Even if it weren’t tosh, I don’t see how playing a CD could/would do anything about it.
On a different site, a poster whose opinion I respect, owned 2 high end streamer/servers. One was new, one with many hundreds of hours on it. He intermittently swapped from one to the other to experiment with this burning-in. The manufacturer suggested 200 hours, but this gentleman believed they were starting to get quite similar at about 500 hours. Whatever the number was, I found that quite compelling.
Of course their was that fact that one box was silver and the other black…and we all know which colour sounds better (Silver. No, black. Which forum am I on again?).
Totally and utterly agree…even with the high electric prices I keep mine powered on…
I don’t know what you mean by “armchair” scientists - it seems to be a dismissive or even derogatory term, though I don’t know if you meant it that way. I believe there are a variety of professional scientists on this forum, across a range of specialisms.

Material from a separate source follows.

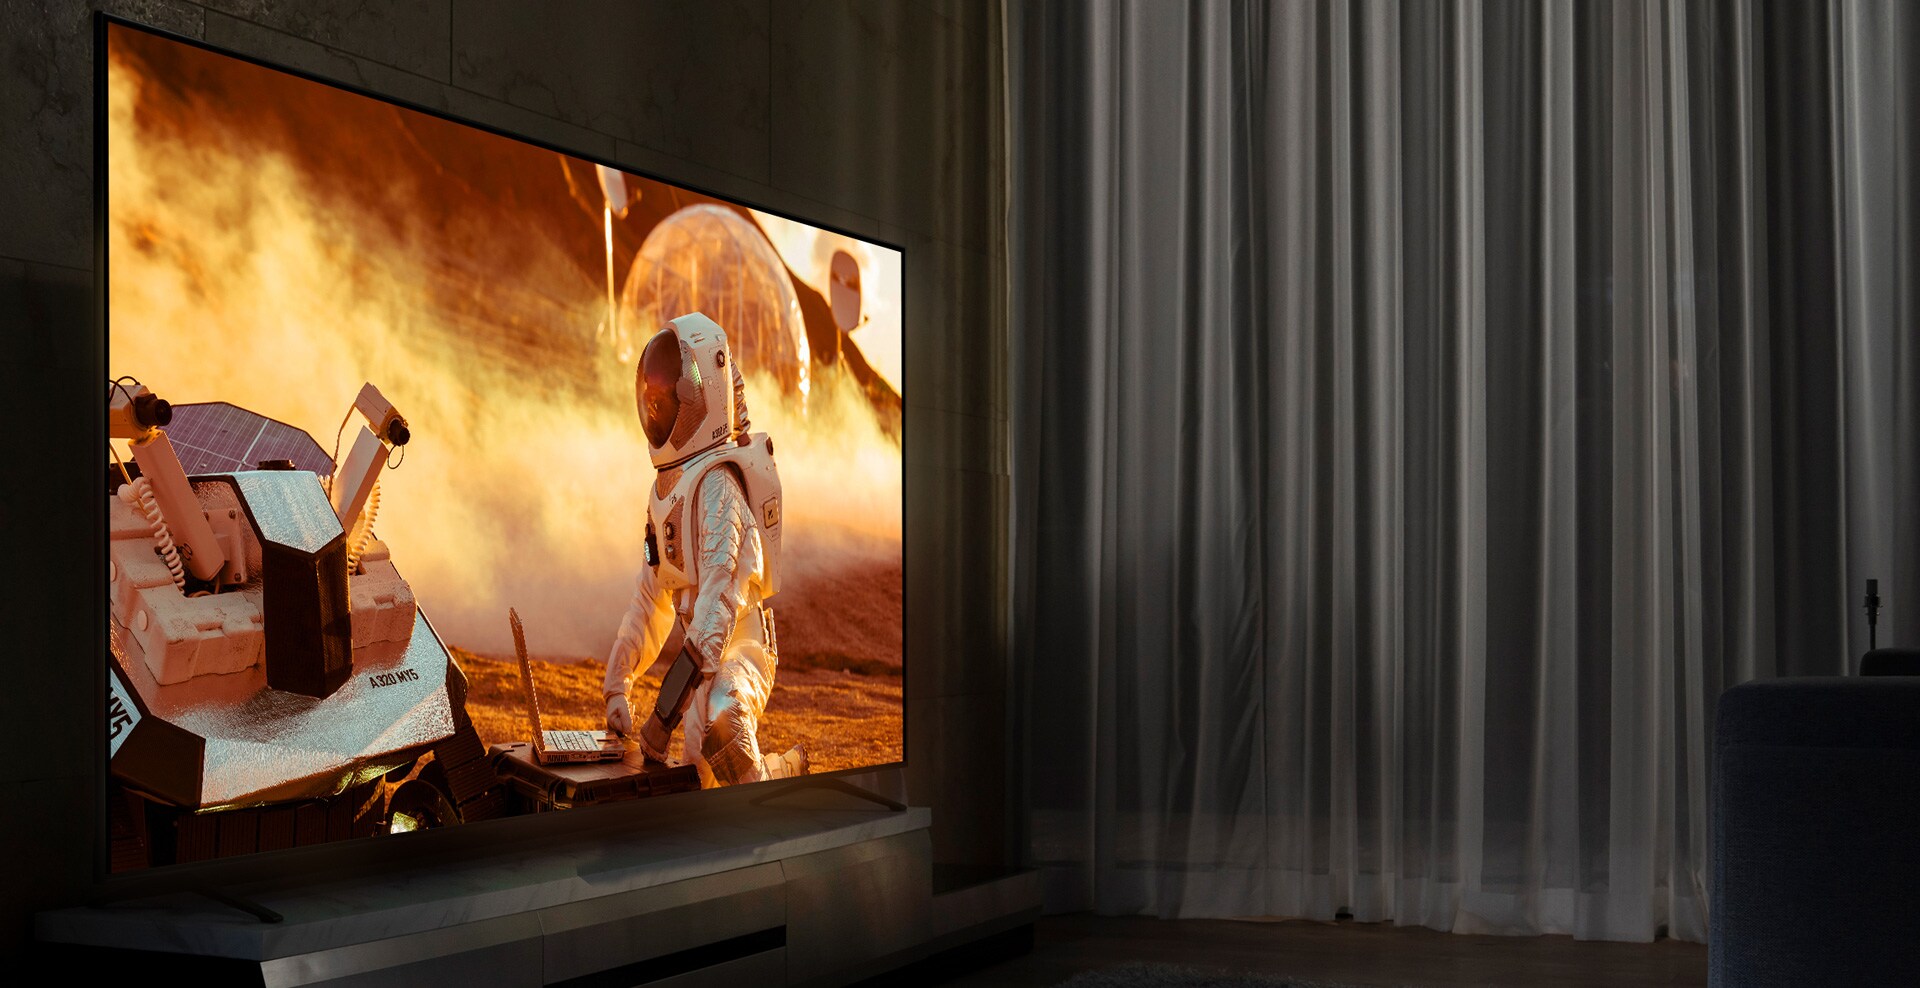 Televizor NanoCell u tamnoj dnevnoj sobi. Na zaslonu je prikazana scena iz filma. Ispod toga prikazano je kako tehnologija NanoCell unaprjeđuje kvalitetu slike.

As for the CD claim you mention, I have only one word for it: poppycock!
that’s not really the subject but in your world that doesn’t matter
still yes though, we can adjust to much worse things than “any old box” and
be pleased if not perfectly happy
the fact remains there’s no burn-in for a streamer
This is the notes from the Sleeve and back of the DeMagic Cd.
Also some great photos of old Densen Audio kit inside
So the issue originates from all “magnets” being oriented in the same direction. Which is then fixed by orienting them in the same direction…
And let’s not forget that music is AC, not DC. So what’s so different about this signal?
I remember using something similar years ago when i used to use cassette decks. The difference, after cleaning the heads, capstans & pinch rollers with IPA, then a good de-magnetise, would sometimes turn out to be quite startling.
I think the name sums it up pretty well.
But this tape actually touches the heads it’s demagnitising. It isn’t sending some mystery signal to demagnetise things further up to signal chain.
Also, there were plenty of these around. With the CD, don’t you think others would have copied it if it really worked? How magnetic something is can easily be measured, so can the signal encoded on the CD. Should have been easy and cheap for anyone else to do something similar.
In your world you don’t get tongue in cheek?
Never mind, perhaps you’d like to prove your fact?